Ровно через год Временный военный суд в г. Екатеринославе в закрытом судебном заседании 18 и 19 марта 1911 г., выслушав дело... «постановил: Зуйченко и Чернявского подвергнуть смертной казни через повешение, Альтгаузена (по совокупности приговора о нем-же от 22-го марта 1910 г.) и Бондаренко отдать в исправительные арестантские отделения сроком на шесть лет каждого. Филиппа Онищенко суд оправдал. Поводов к протесту не усмотрено.

Приговор представляется на утверждение командующего войсками Одесского Военного Округа... № 79 марта 20 дня 1911 г. г. Екатеринослав»[46].

Зуйченко продолжал: оставшиеся на свободе члены группы, лишившись активного ядра, продолжали влачить свое существование.
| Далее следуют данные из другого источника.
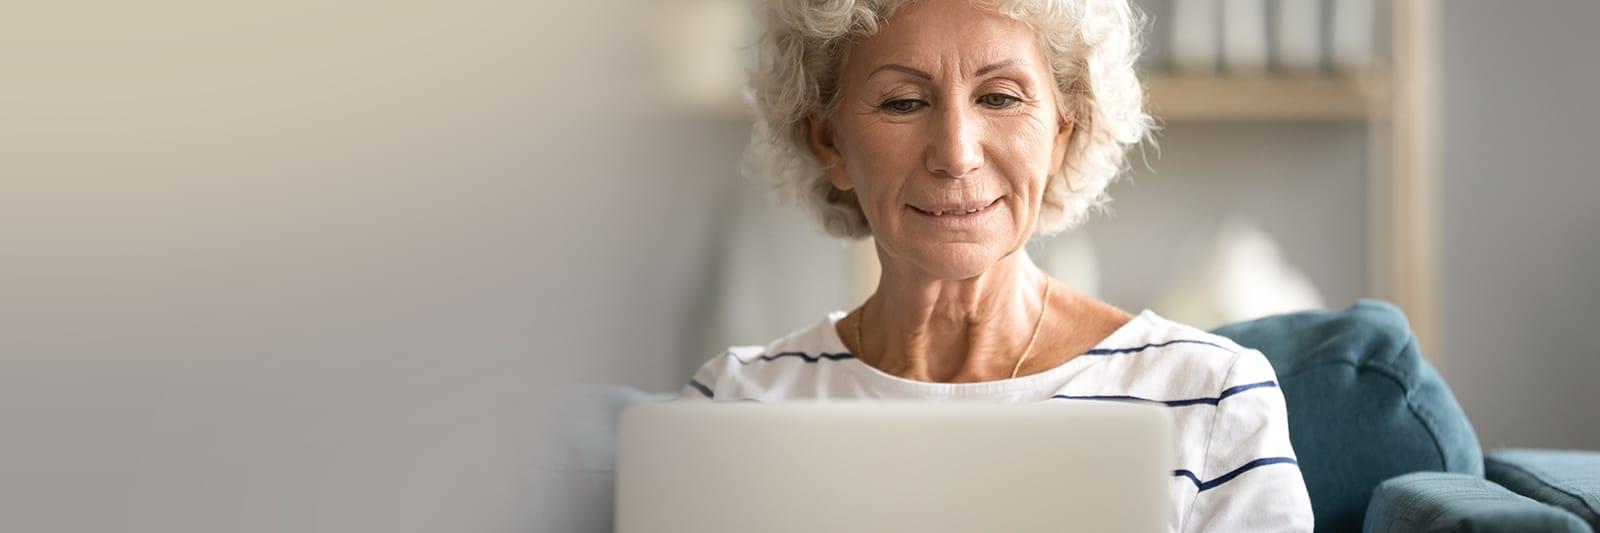 Reservieren Sie jetzt Medikamente online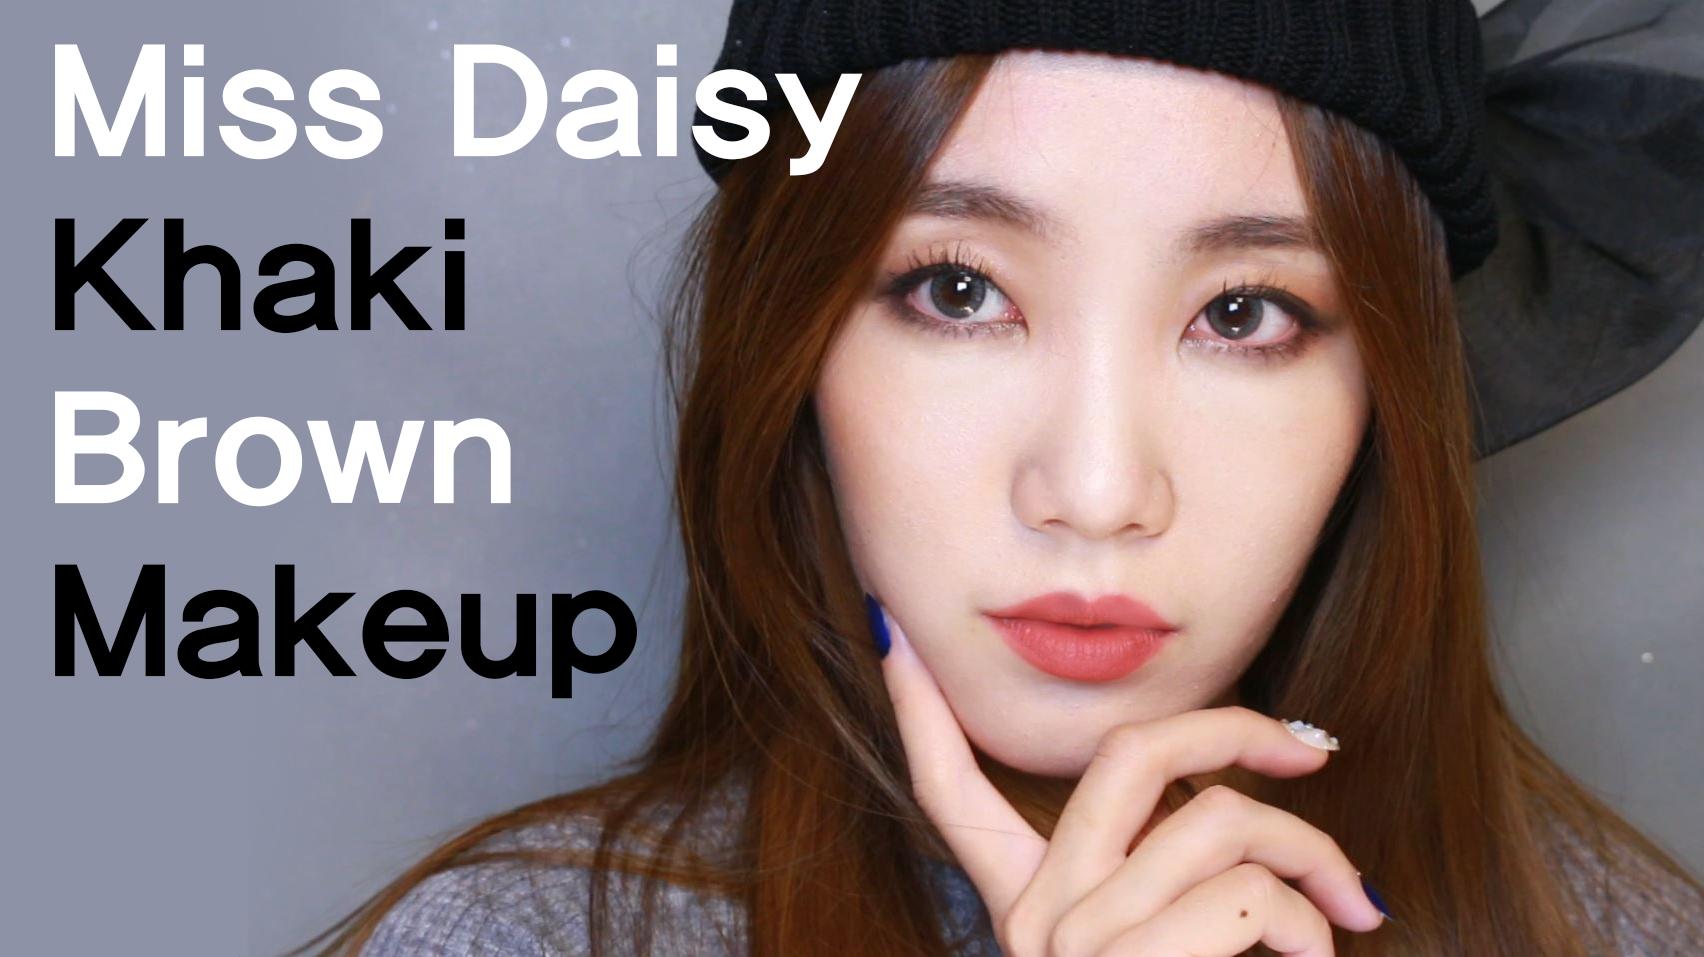 미스데이지의 Khaki Brown makeup 카키 브라운을 활용한 메이크업!

Но по мере пополнения рядов группы чуждым анархизму элементом, стремившимся поправить свое личное хозяйство, наши организации разлагались. Когда-то единая группа, с 1908–1909 года распадалась на подгруппы: одна шла честным анархическим путем, вторая колебалась между первой и полицией, и третья группа — пассивная — не примыкая ни к первой, ни ко второй, жила своей собственной жизнью. Все, что попадало членам ее под руку, плыло в их хозяйство, на личные расходы.

Еще в 1905 г. группой было принято решение: «...пусть нас арестовывают, пусть судят, пусть вешают, только без физических оскорблений. За истязание и избиения, кто останется на свободе, должен мстить смертью...».
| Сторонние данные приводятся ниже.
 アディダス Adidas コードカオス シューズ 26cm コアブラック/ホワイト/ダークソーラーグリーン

Примерно в феврале 1909 г. из Парижа в Россию выехали В. Антони и А. Семенюта с полными чемоданами литературы. Цель выезда — продолжить революционную борьбу и отомстить полицейским, виновным в истязаниях заключенных. После многих мытарств они наконец попали в Гуляйполе и нашли сообщницу в лице Маруси Продан. 17-летняя девушка согласилась быть разведчицей и вскоре доложила, что в театре «Колизей»будет спектакль, и Караченцев неприменно придет. А. Семенюта ликвидацию пристава взял на себя, а Антони с Петром Онищенко выехали в Юзовку для ликвидации пристава сыскной полиции — палача Михайловского. Михайловский получил две пули, а пристав Караченцев при выходе из театра был застрелен А. Семенютой. Свой долг перед заключенными Антони, Семенюта и Онищенко выполнили и в конце 1909 г. Антони и П. Онищенко, перейдя нелегально границу, уехали в Париж.
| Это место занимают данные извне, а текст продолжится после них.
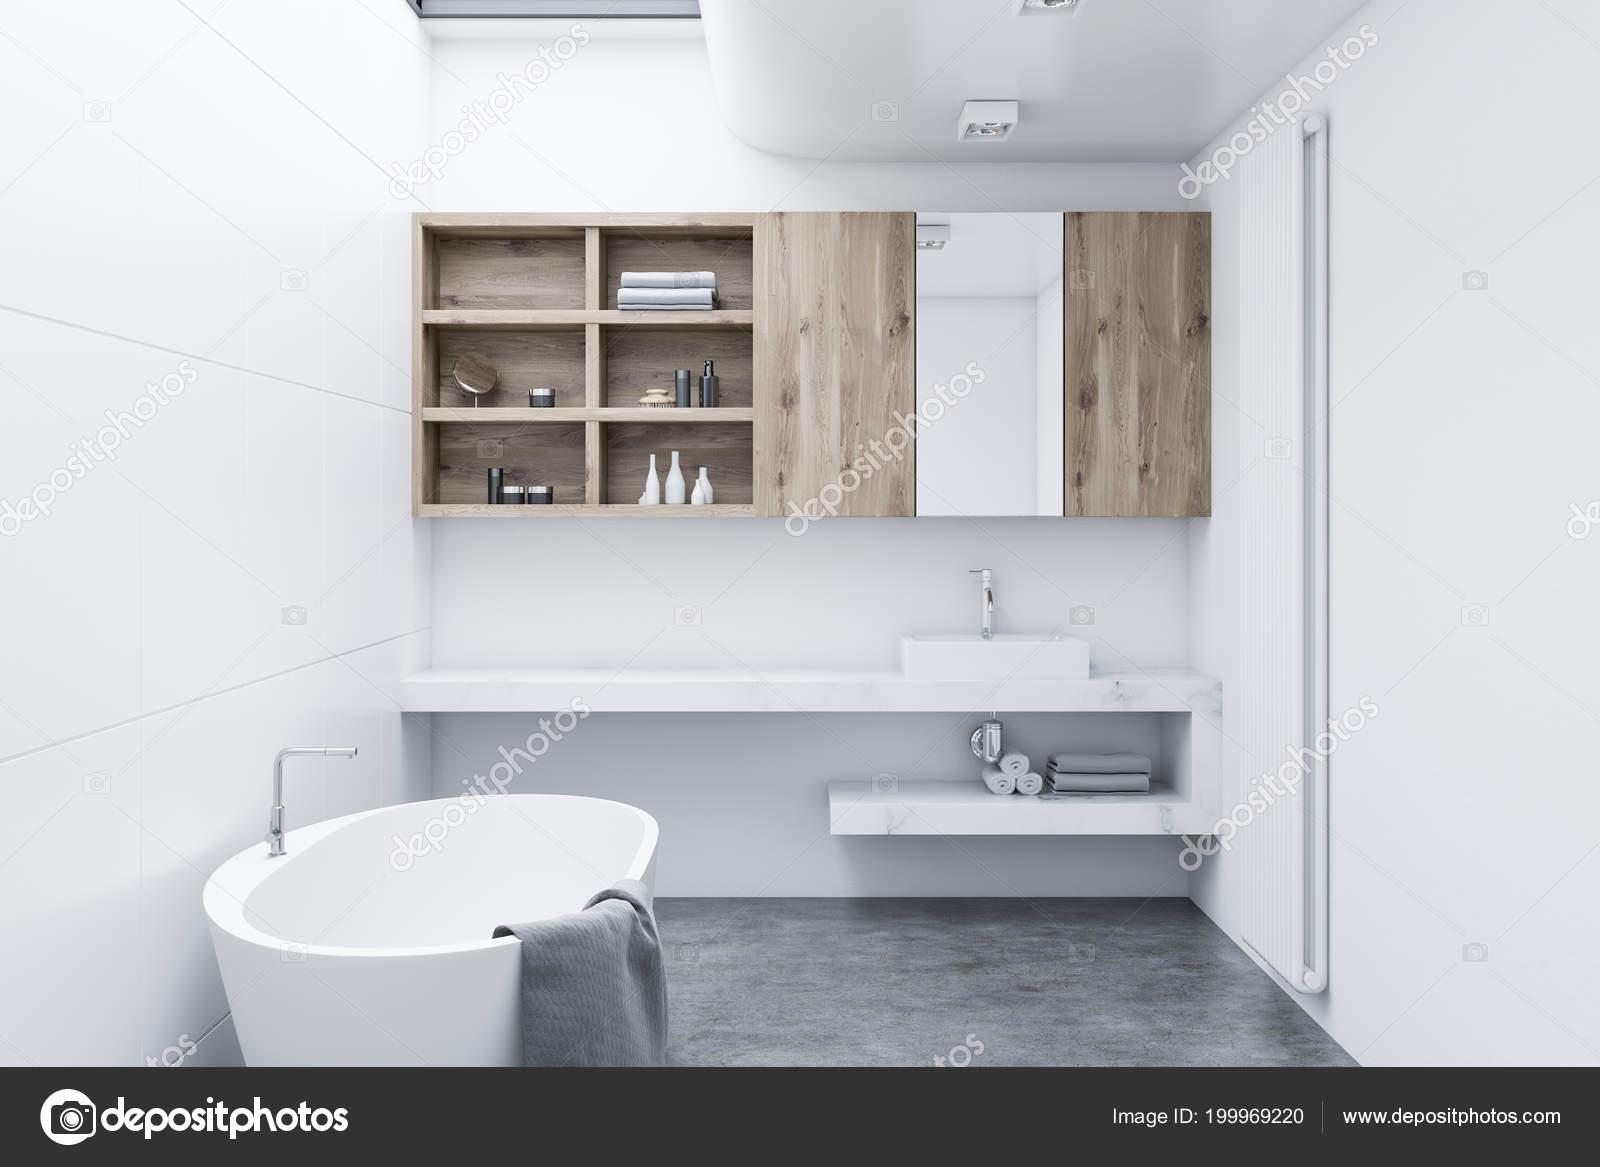 Intérieur Blanc Salle Bains Moderne Avec Armoires Bois Une Baignoire ...

Семенюта остался и продолжал борьбу. Он был неуловимый, как призрак. Например, в Екатеринославе, прямо среди белого дня, на людной улице, вдвоем с Яковом Бондаренко[47]застрелили помощника пристава — палача Мрачека.

Прошло время, и в страду Александр вместе со своей боевой подругой и женой Марфой Пивневой[48]заехал в Гуляйполе. Остановились в доме Шаровских[49]. Но их выдали. Дом был окружен полицией и казаками, завязалась перестрелка. Полицейские подожгли хату и предложили всем из нее выйти. Александр с маузером в руке вышел на порог охваченной огнем хаты, посмотрел на казаков, полицейских, на стоящую вдалеке толпу крестьян — оценил свое безвыходное положение и вернулся в хату. Попрощался с Марфой. Выстрелил в нее... и застрелился сам. Но Марфа оказалась раненой и ее спас казак, вынеся из пылающего дома. Раненую ее доставили в больницу, вскоре она, окрепнув, бежала.

Зуйченко умолк взволнованный воспоминаниями.

У нас в Новоспасовке[50](Мариупольского уезда) в 1905 – 1910 гг. события развивались примерно также. Был самочинный передел земли, свирепствовала реакция, были арестованные и битые, пылали ночью поместья, стога, ветряные мельницы. Были листовки, мечты, надежды. В 1908 г. взамен казачьей сотни, для поддержания более жесткого порядка в бунтарском селе прибыл отряд ингушей, который пребывал здесь до 1910 г.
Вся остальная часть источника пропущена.